Long kept in Bretagne at his mother's cost. But give me leave to transcribe a few more lines from Holingshed, and you will find at once that Shakespeare had been there before me :-“ Ye see further, how a companie of traitors, theeves, outlaws, and runnagates be p. 756.

aiders and partakers of his feat and enterprise.—And to begin with the erle of Richmond, captaine of this rebellion, he is a Welsh milksop—brought up by my Moother's meanes and mine, like a captive in a close cage, in the court of Francis duke of Britaine."

Holingshed copies this verbatim from his brother chronicler Hall, Edit. 1548, fol. 54; but his Printer hath given us by accident the word Moother instead of Brother; as it is in the Original, and ought to be in Shakespeare.

I hope, my good friend, you have by this time acquitted our great Poet of all piratical depredations on the Ancients, and are ready to receive my Conclusion.He remembered perhaps enough of his school-boy learning to put the Hig, hag, hog, into the mouth of Sir Hugh Evans; and might pick up in the Writers of the time, or the course of his conversation, a familiar phrase or two of French or Italian : but his Studies were most demonstratively confined to Nature and his own Language.

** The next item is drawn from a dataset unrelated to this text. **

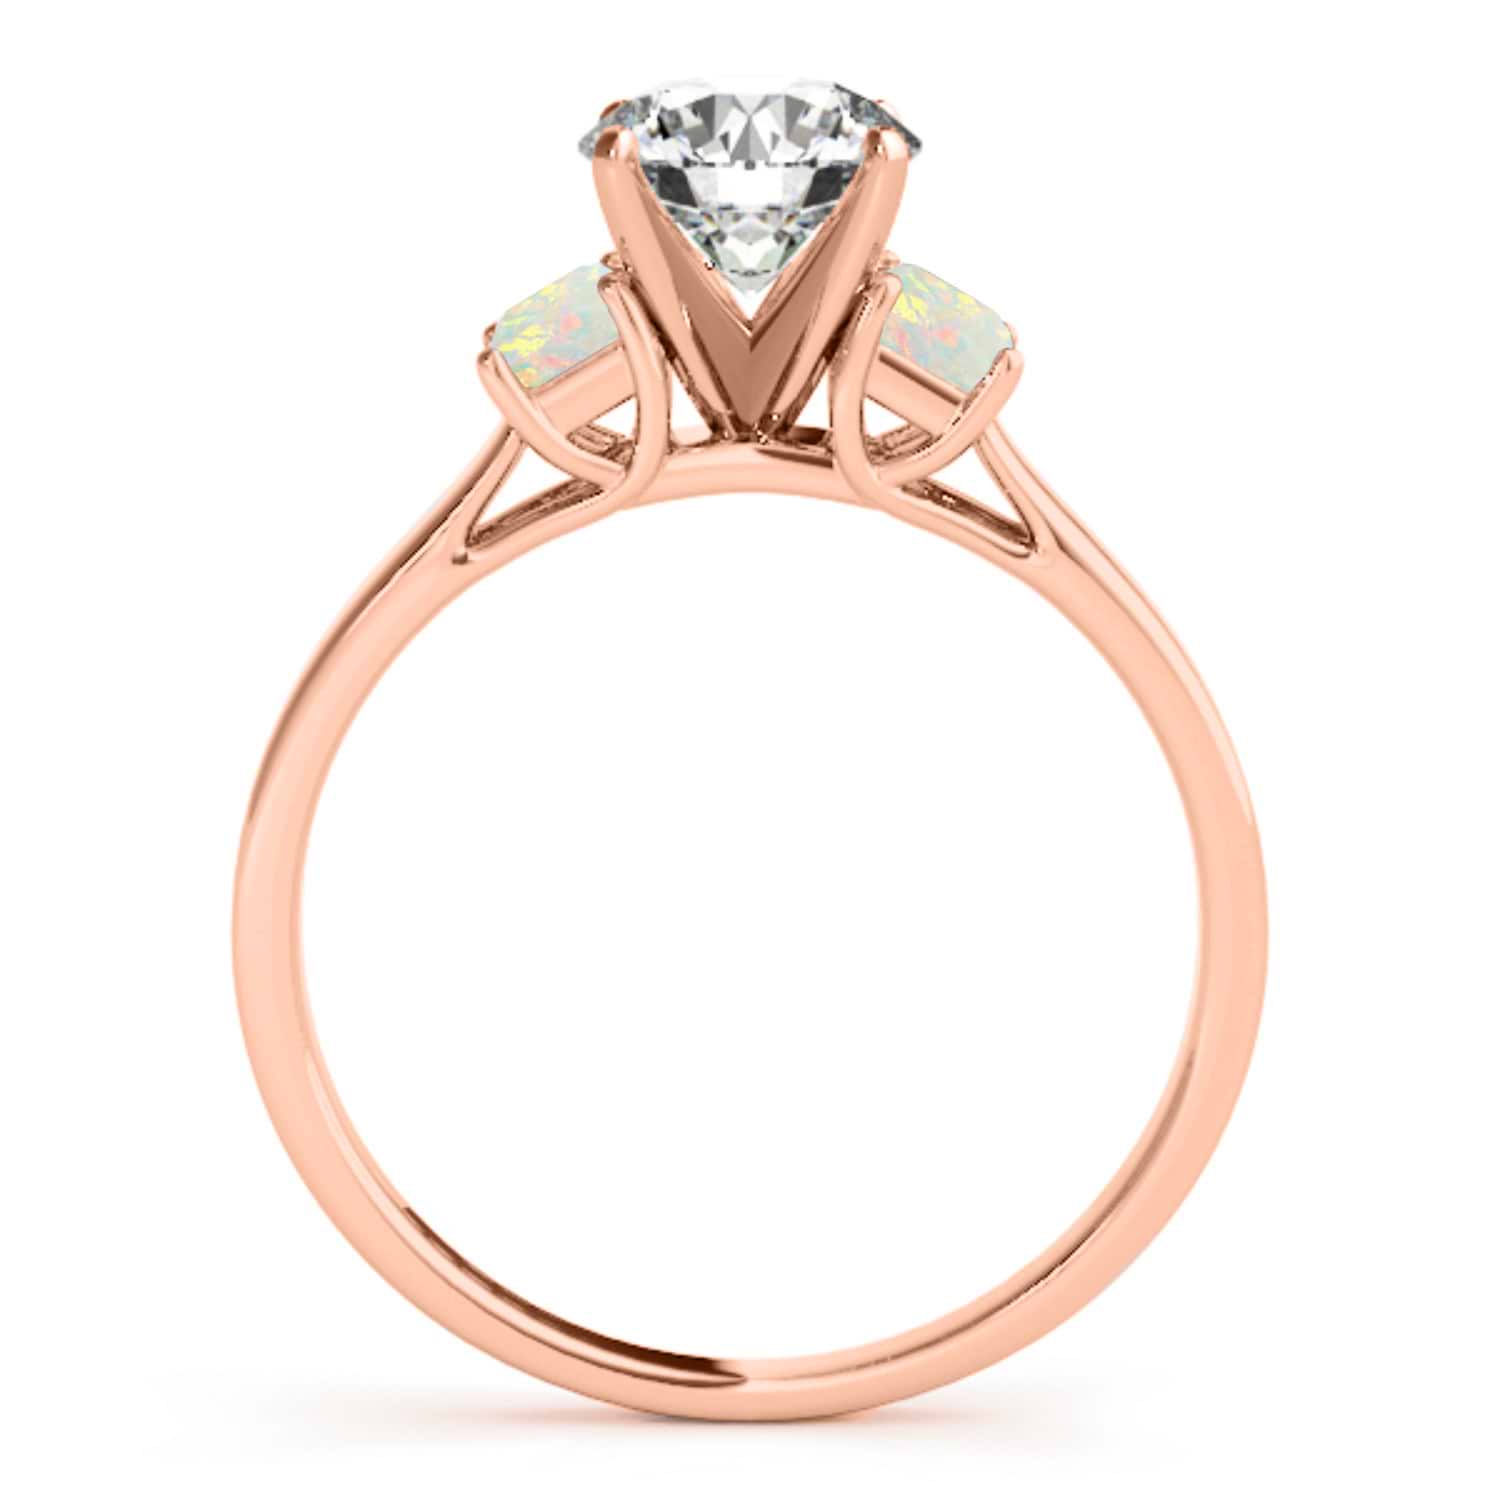 Trio Emerald Cut Opal Engagement Ring 14k Rose Gold (0.30ct)

In the course of this disquisition, you have often smiled at “all such reading as was never read”: and possibly I may have indulged it too far: but it is the reading necessary for a Comment on Shakespeare. Those who apply solely to the Ancients for this purpose, may with equal wisdom study the Talmud for an Exposition of TRISTRAM SHANDY. Nothing but an intimate acquaintance with the Writers of the time, who are frequently of no other value, can point out his allusions, and ascertain his Phraseology. The Reformers of his Text are for ever equally positive, and equally wrong. The Cant of the Age, a provincial Expression, an obscure Proverb, an obsolete Custom, a Hint at a Person or a Fact no longer remembered, hath continually defeated the best of our Guessers : You must not suppose me to speak at random, when I assure you that, from some forgotten book or other, I can demonstrate this to you in many hundred Places; and I almost wish that I had not been persuaded into a different Employment.

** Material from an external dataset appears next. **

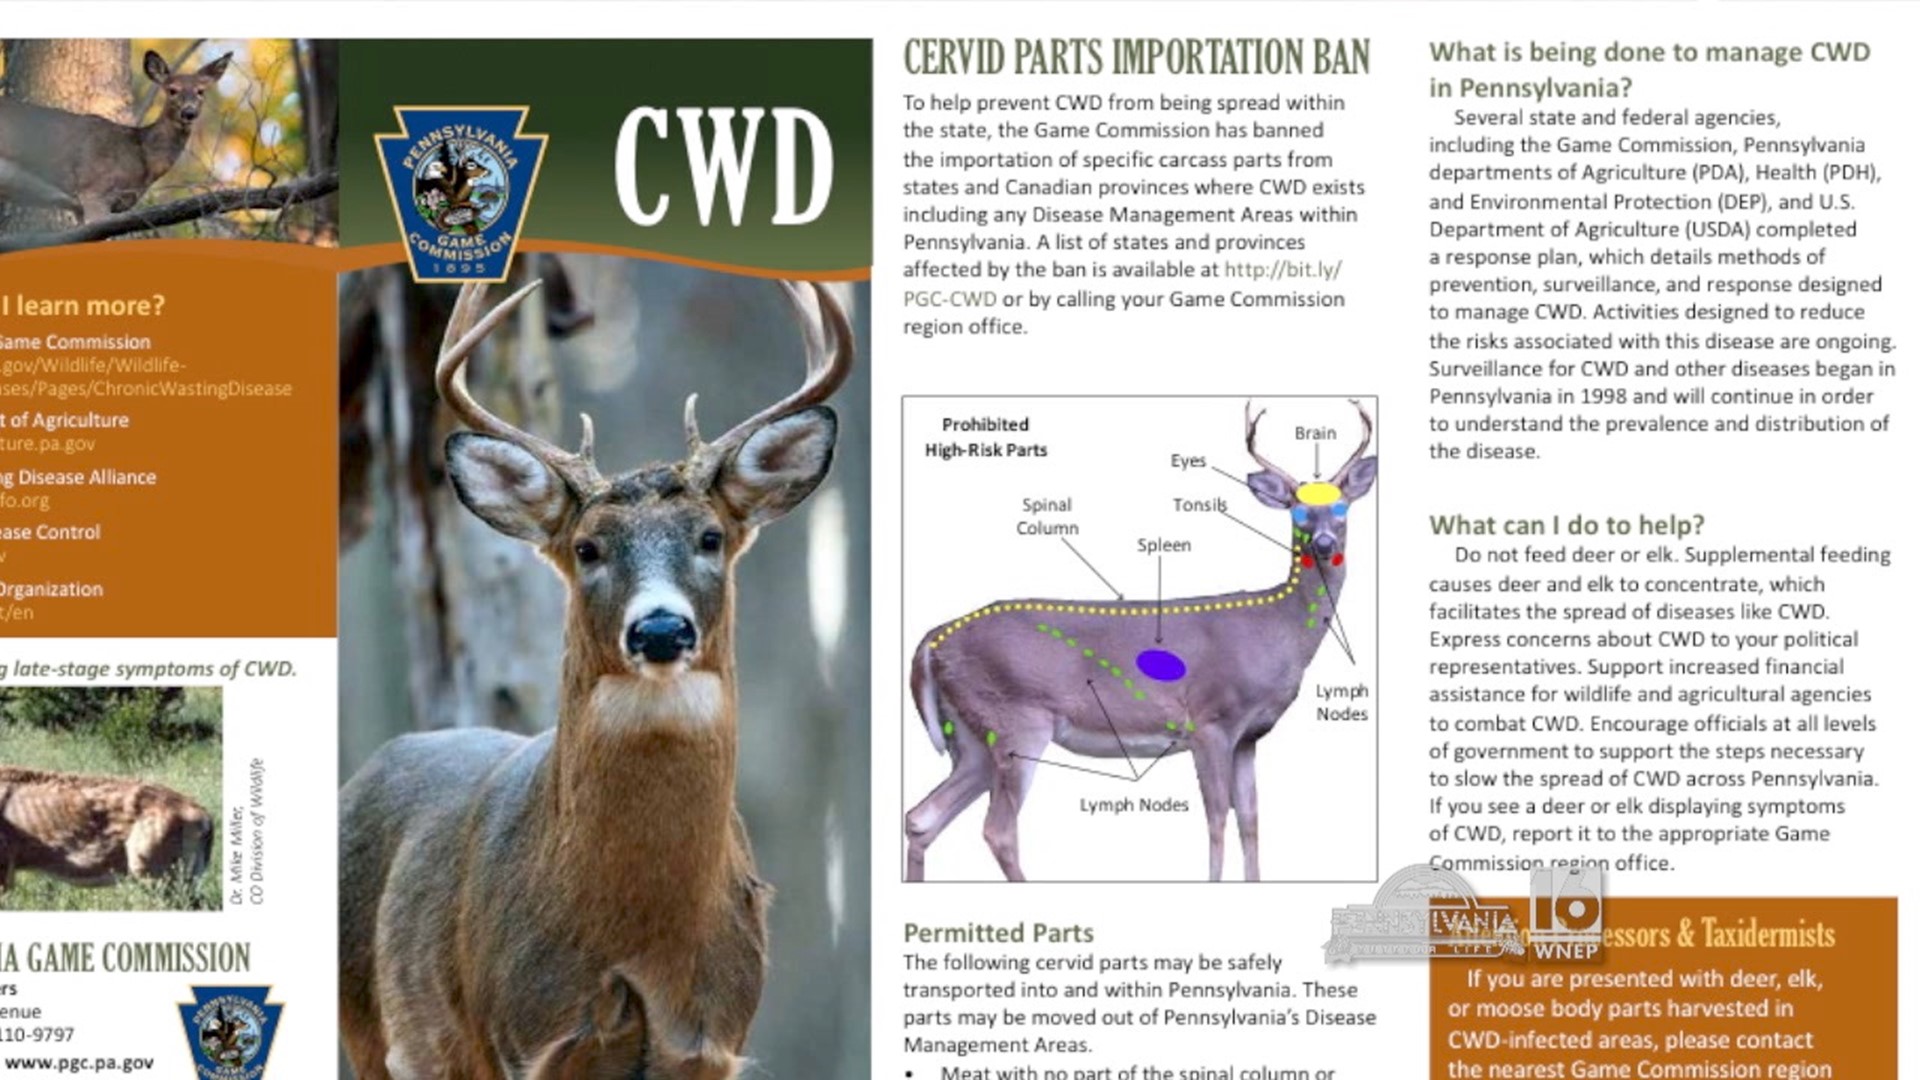 Learn the steps to prevent the spread of CWD.

Tho' I have as much of the Natale Solum about me as any man whatsoever; yet, I own, the Primrose Path is still more pleasing than the Fosse or the Watling Street :

Age cannot wither it, nor custom stale

It's infinite variety. — And when I am fairly rid of the Dust of topographical Antiquity, which hath continued much longer about me than I expected, you may very probably be troubled again with the ever fruitful Subject of SHAKESPEARE and his COMMENTATORS.